┌─ DATASET EXCERPT

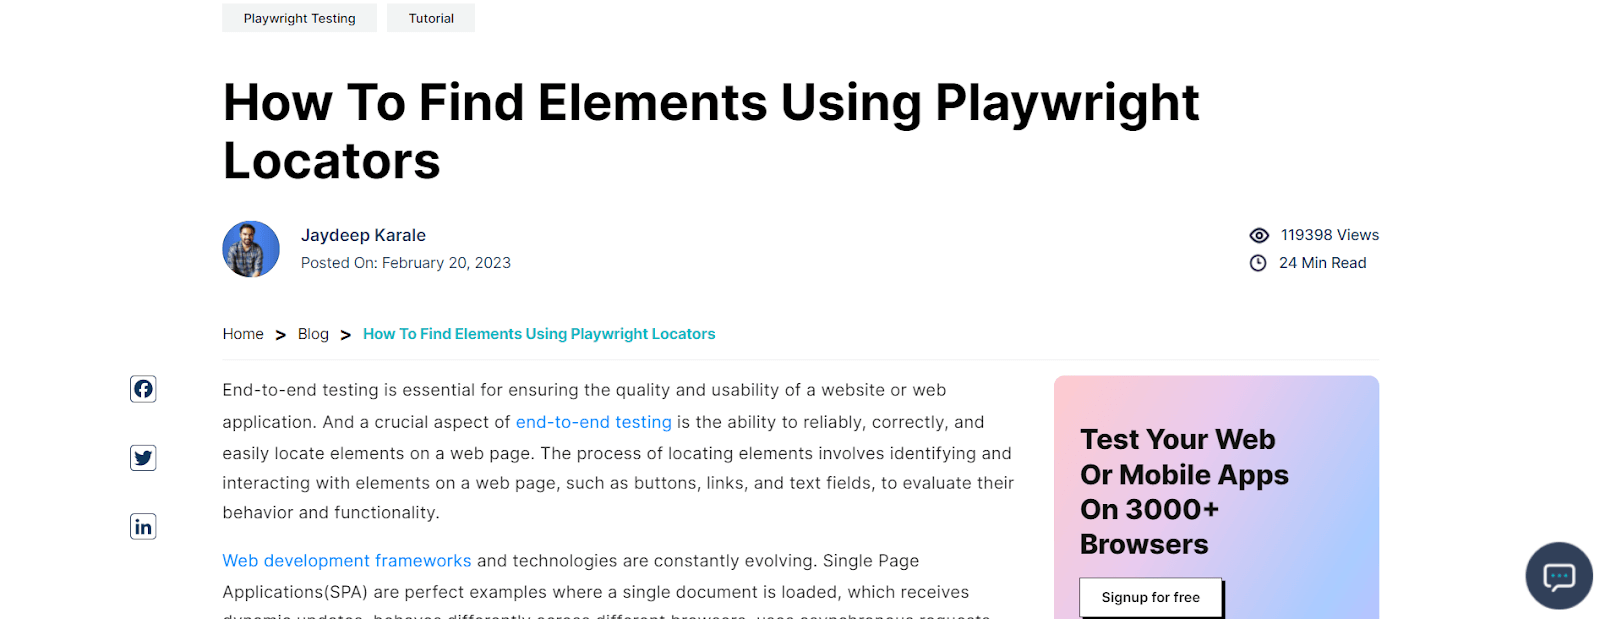 How To Find Elements Using Playwright Locators
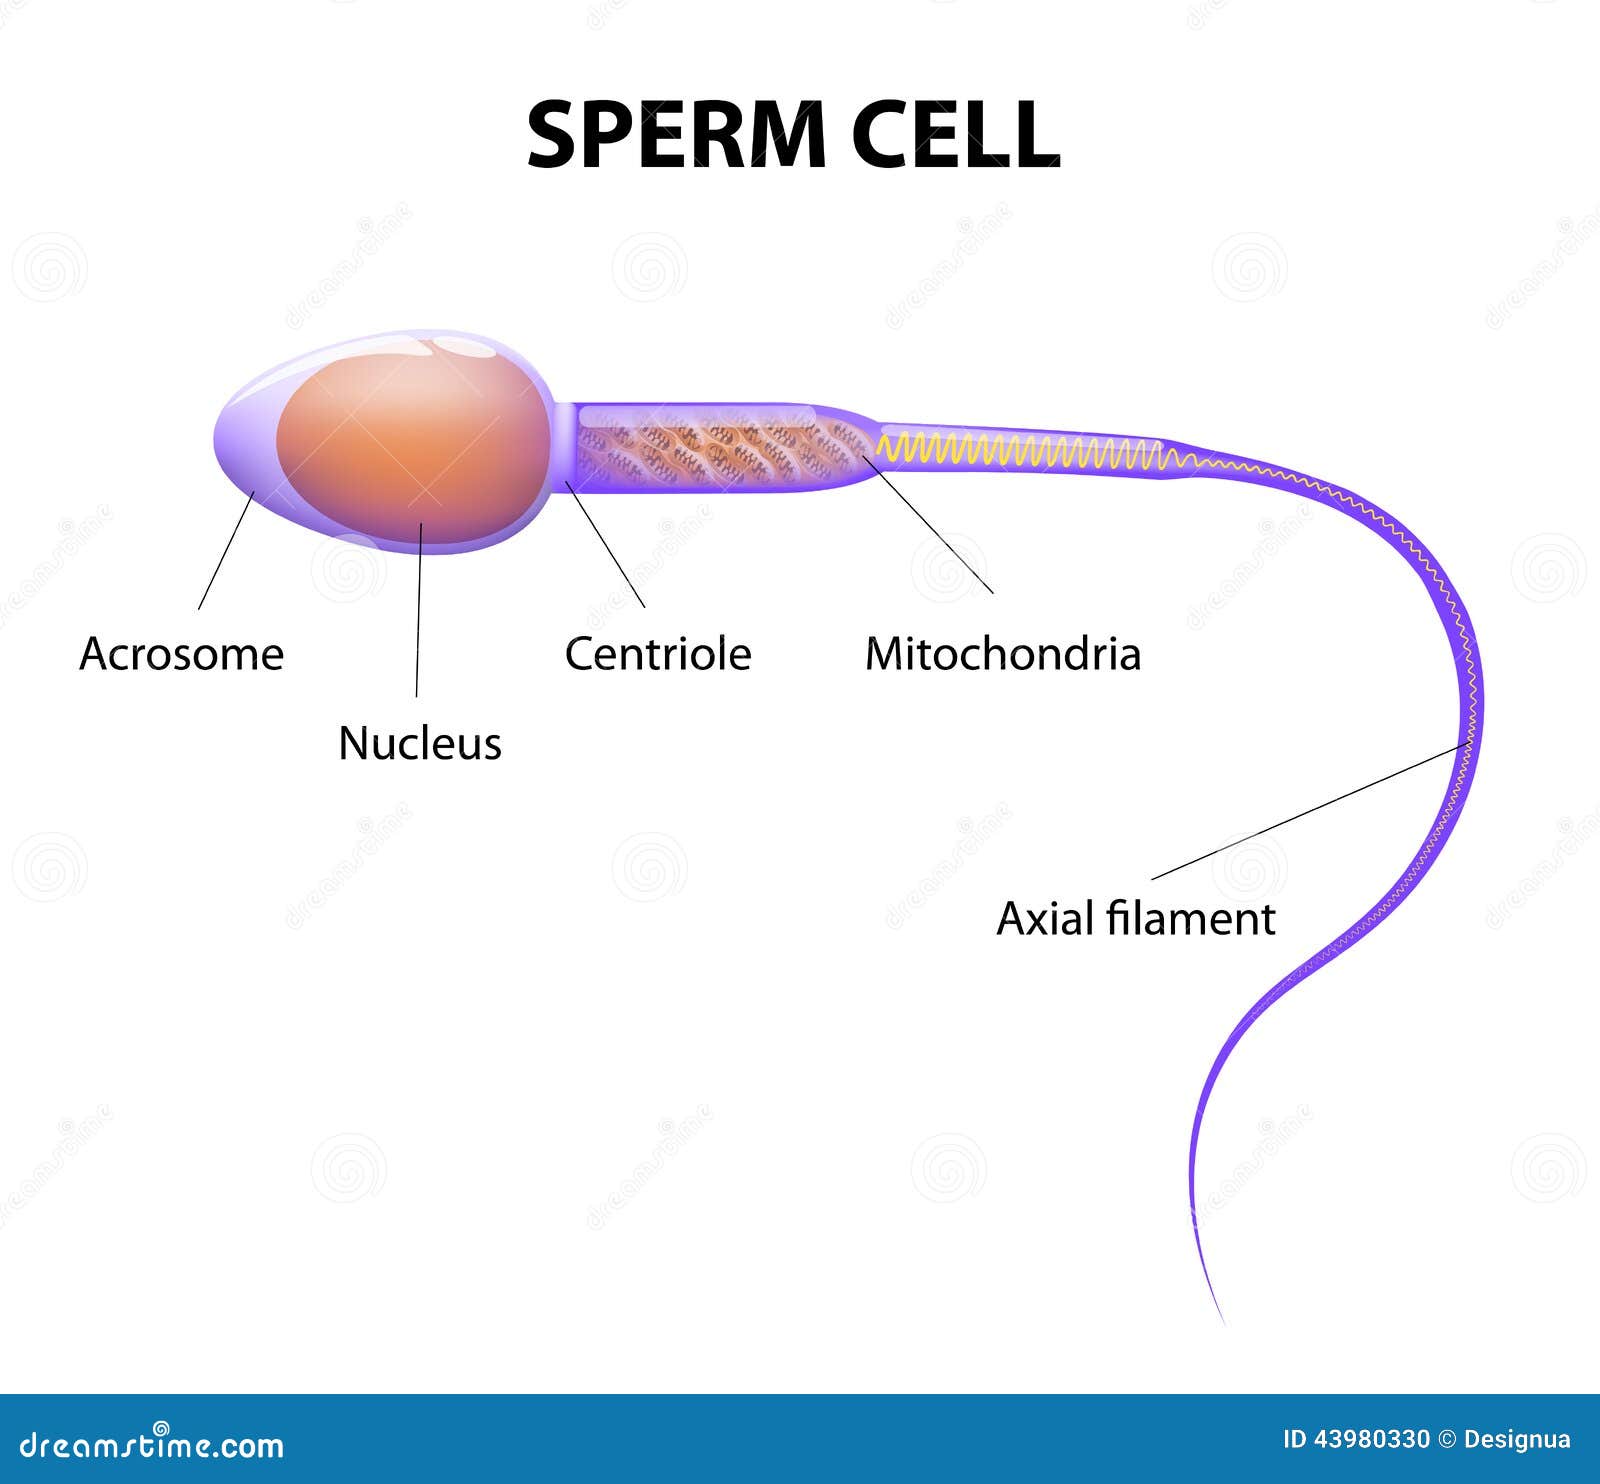 Labeled diagram of a sperm cell
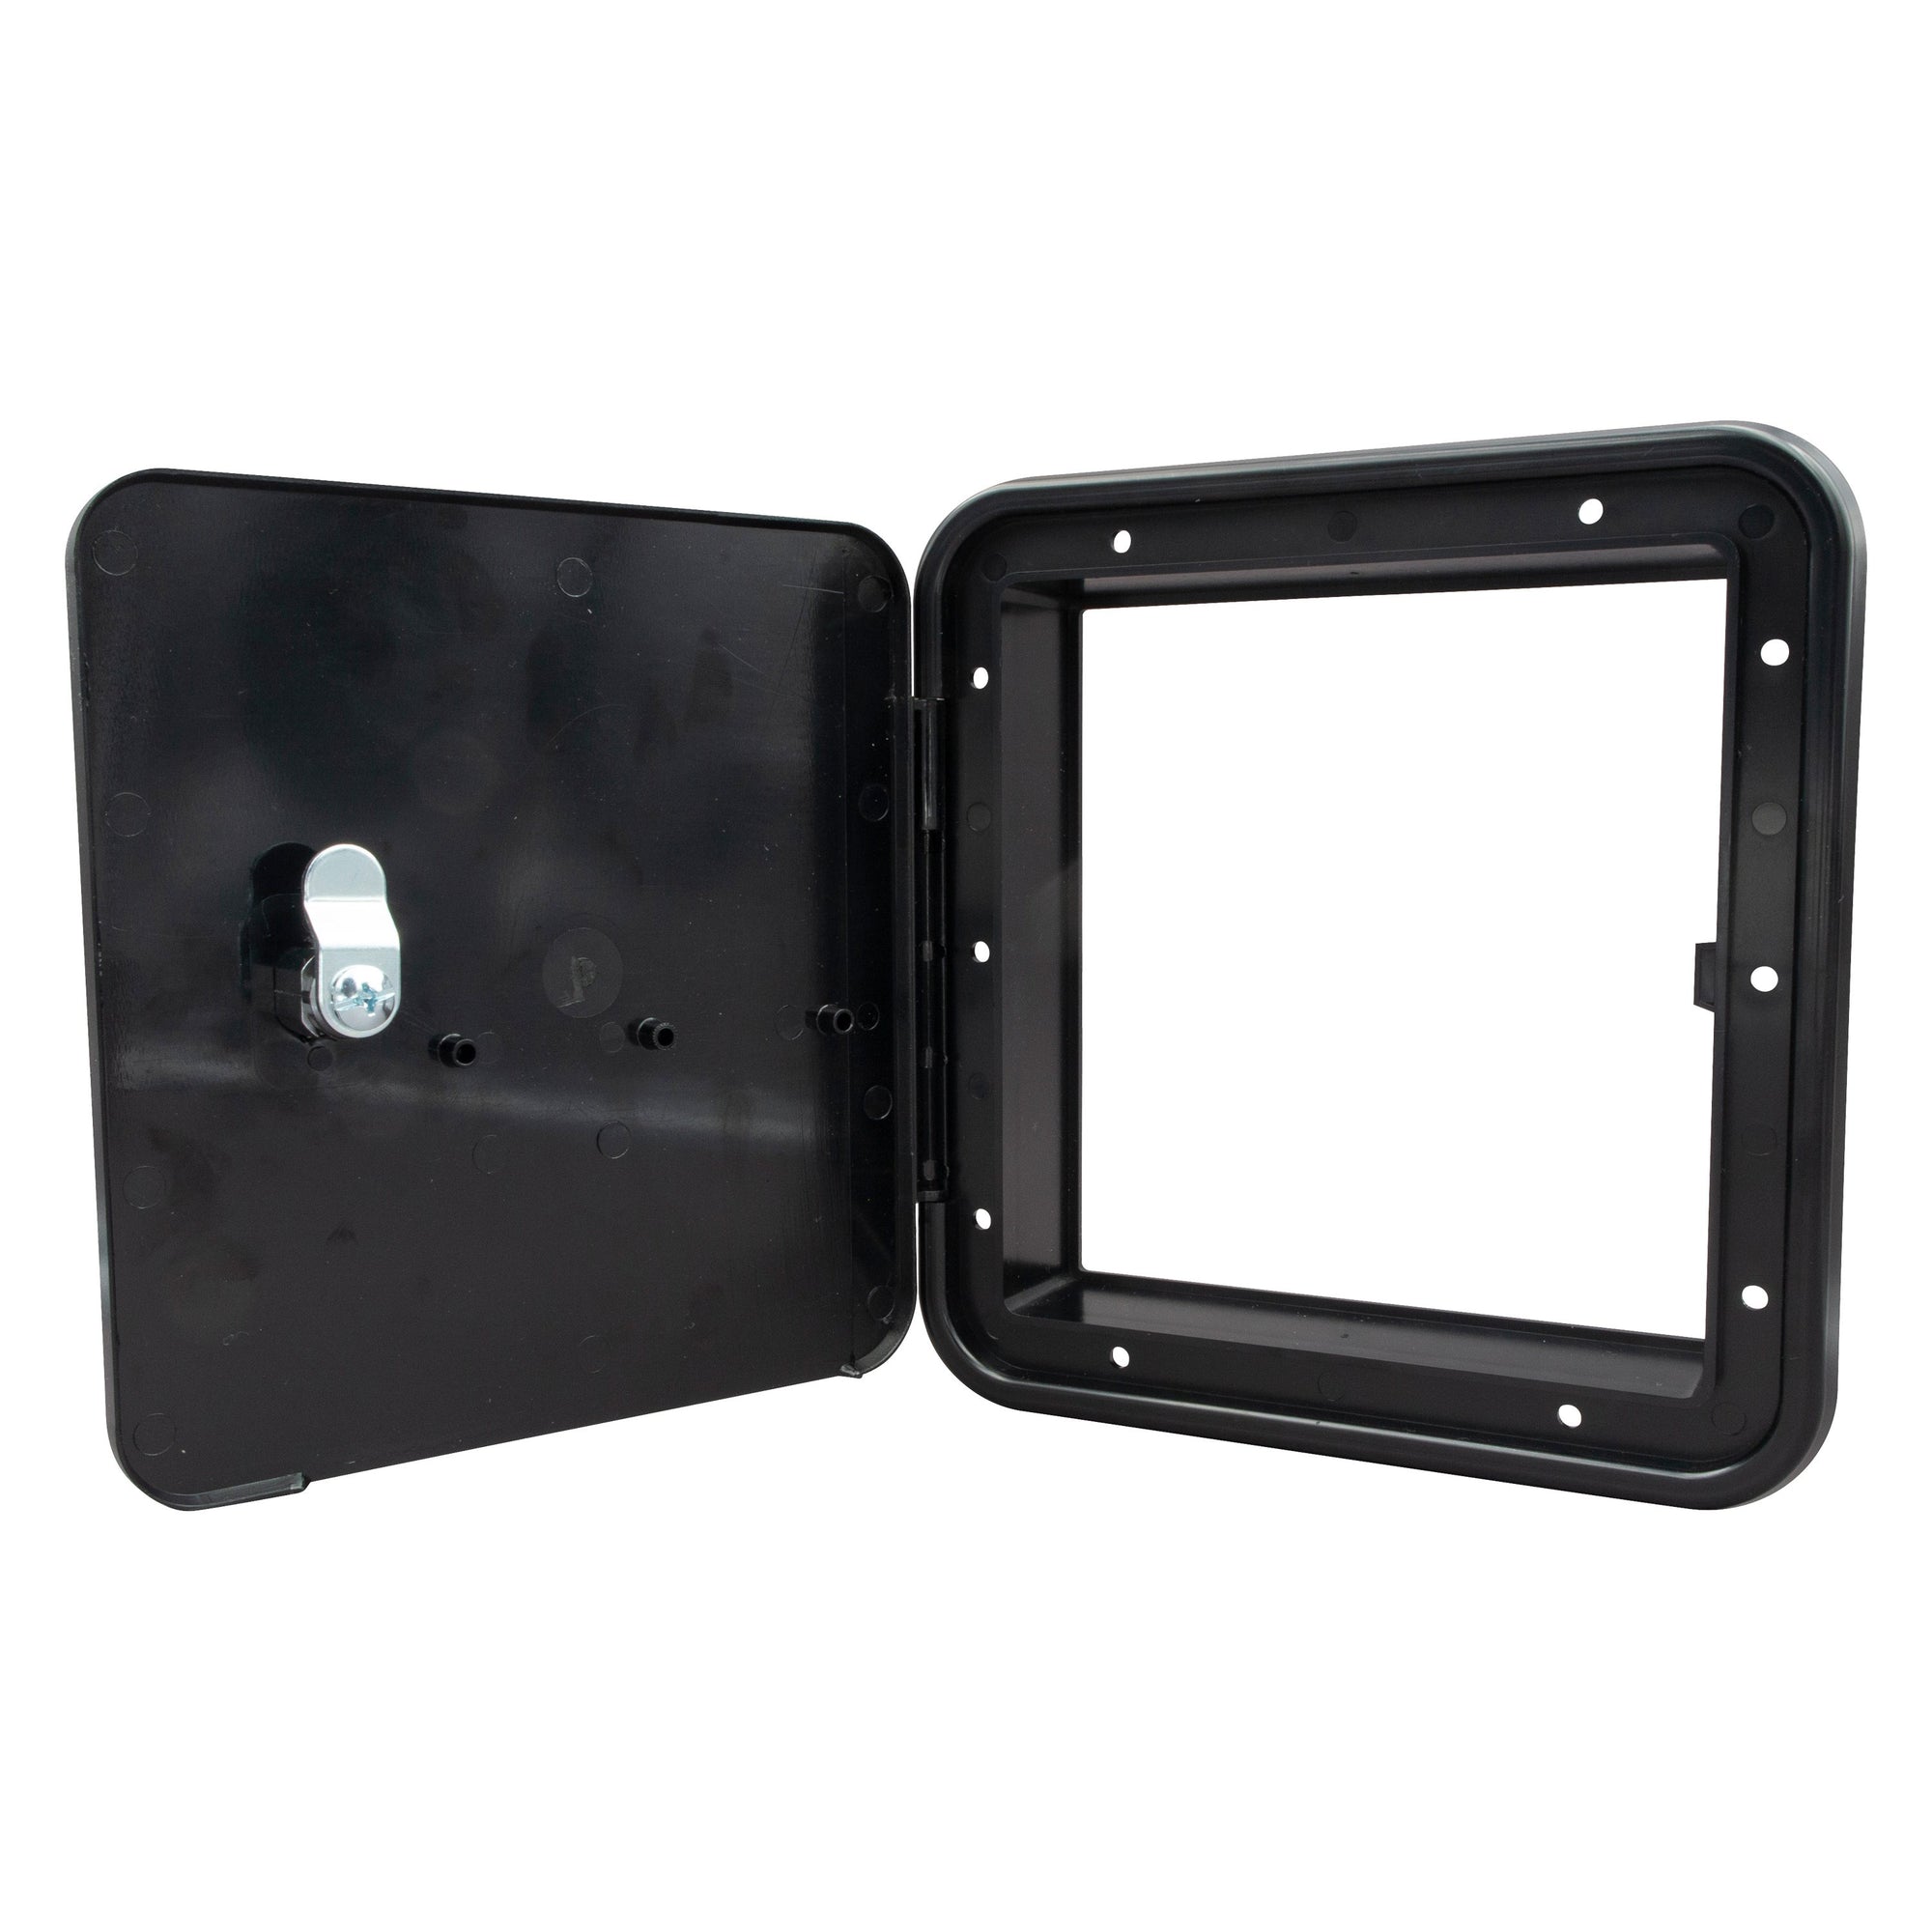 Thetford 94308 Multi-Purpose/Fuel Hatch without Back - Keyed Entry, Black

└─

Could you print the whole listing again, exactly, leaving the pictures out?

 How To Find Elements Using Playwright Locators
 Labeled diagram of a sperm cell
 Thetford 94308 Multi-Purpose/Fuel Hatch without Back - Keyed Entry, Black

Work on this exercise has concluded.